• **EXERCISE AIM**
Set out exactly, line by line, the stretch of data below that begins at the line containing "Comprar Apartamento /" and ends at the line containing "Сотрудники правоохранительных органов", with both ends kept.

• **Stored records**
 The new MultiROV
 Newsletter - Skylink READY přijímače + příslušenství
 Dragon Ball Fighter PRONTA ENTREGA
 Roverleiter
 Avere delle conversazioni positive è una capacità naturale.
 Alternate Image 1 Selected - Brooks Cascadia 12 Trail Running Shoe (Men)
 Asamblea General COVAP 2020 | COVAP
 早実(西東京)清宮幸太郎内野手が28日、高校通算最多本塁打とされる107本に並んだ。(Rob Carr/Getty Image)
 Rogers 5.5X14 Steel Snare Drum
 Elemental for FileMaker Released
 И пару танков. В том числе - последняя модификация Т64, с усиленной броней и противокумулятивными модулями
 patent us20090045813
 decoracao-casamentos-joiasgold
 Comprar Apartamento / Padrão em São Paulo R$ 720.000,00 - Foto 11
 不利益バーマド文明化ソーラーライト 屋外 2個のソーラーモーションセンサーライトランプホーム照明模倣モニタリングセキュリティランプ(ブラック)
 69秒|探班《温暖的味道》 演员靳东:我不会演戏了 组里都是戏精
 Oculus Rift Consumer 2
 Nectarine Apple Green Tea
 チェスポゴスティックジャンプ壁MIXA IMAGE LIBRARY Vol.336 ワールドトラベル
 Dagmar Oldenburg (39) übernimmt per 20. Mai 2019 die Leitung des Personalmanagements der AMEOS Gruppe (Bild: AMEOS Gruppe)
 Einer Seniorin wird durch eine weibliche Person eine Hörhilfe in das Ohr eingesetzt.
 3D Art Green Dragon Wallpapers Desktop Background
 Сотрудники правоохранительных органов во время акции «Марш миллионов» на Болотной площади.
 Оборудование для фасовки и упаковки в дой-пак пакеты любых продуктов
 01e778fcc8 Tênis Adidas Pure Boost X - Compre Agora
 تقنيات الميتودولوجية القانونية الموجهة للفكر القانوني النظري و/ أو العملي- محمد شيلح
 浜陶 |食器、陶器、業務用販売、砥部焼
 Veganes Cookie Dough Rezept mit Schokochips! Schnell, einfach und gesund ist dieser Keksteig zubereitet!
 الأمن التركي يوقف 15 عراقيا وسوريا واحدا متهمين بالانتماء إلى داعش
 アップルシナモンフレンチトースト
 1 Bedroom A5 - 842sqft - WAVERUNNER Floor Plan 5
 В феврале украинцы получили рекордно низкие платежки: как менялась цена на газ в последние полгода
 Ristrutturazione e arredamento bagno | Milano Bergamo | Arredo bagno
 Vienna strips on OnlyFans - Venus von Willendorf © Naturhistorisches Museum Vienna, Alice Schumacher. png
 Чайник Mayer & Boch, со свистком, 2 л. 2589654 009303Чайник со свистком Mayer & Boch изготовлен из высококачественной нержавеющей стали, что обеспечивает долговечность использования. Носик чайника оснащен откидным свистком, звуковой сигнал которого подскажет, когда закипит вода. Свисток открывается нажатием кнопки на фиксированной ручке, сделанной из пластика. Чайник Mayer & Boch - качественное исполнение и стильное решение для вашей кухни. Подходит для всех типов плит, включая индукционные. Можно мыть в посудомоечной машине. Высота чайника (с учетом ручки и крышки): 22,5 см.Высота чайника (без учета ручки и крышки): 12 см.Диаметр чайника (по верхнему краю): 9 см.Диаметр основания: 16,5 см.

• **RESULT OF THIS EXERCISE**
 Comprar Apartamento / Padrão em São Paulo R$ 720.000,00 - Foto 11
 不利益バーマド文明化ソーラーライト 屋外 2個のソーラーモーションセンサーライトランプホーム照明模倣モニタリングセキュリティランプ(ブラック)
 69秒|探班《温暖的味道》 演员靳东:我不会演戏了 组里都是戏精
 Oculus Rift Consumer 2
 Nectarine Apple Green Tea
 チェスポゴスティックジャンプ壁MIXA IMAGE LIBRARY Vol.336 ワールドトラベル
 Dagmar Oldenburg (39) übernimmt per 20. Mai 2019 die Leitung des Personalmanagements der AMEOS Gruppe (Bild: AMEOS Gruppe)
 Einer Seniorin wird durch eine weibliche Person eine Hörhilfe in das Ohr eingesetzt.
 3D Art Green Dragon Wallpapers Desktop Background
 Сотрудники правоохранительных органов во время акции «Марш миллионов» на Болотной площади.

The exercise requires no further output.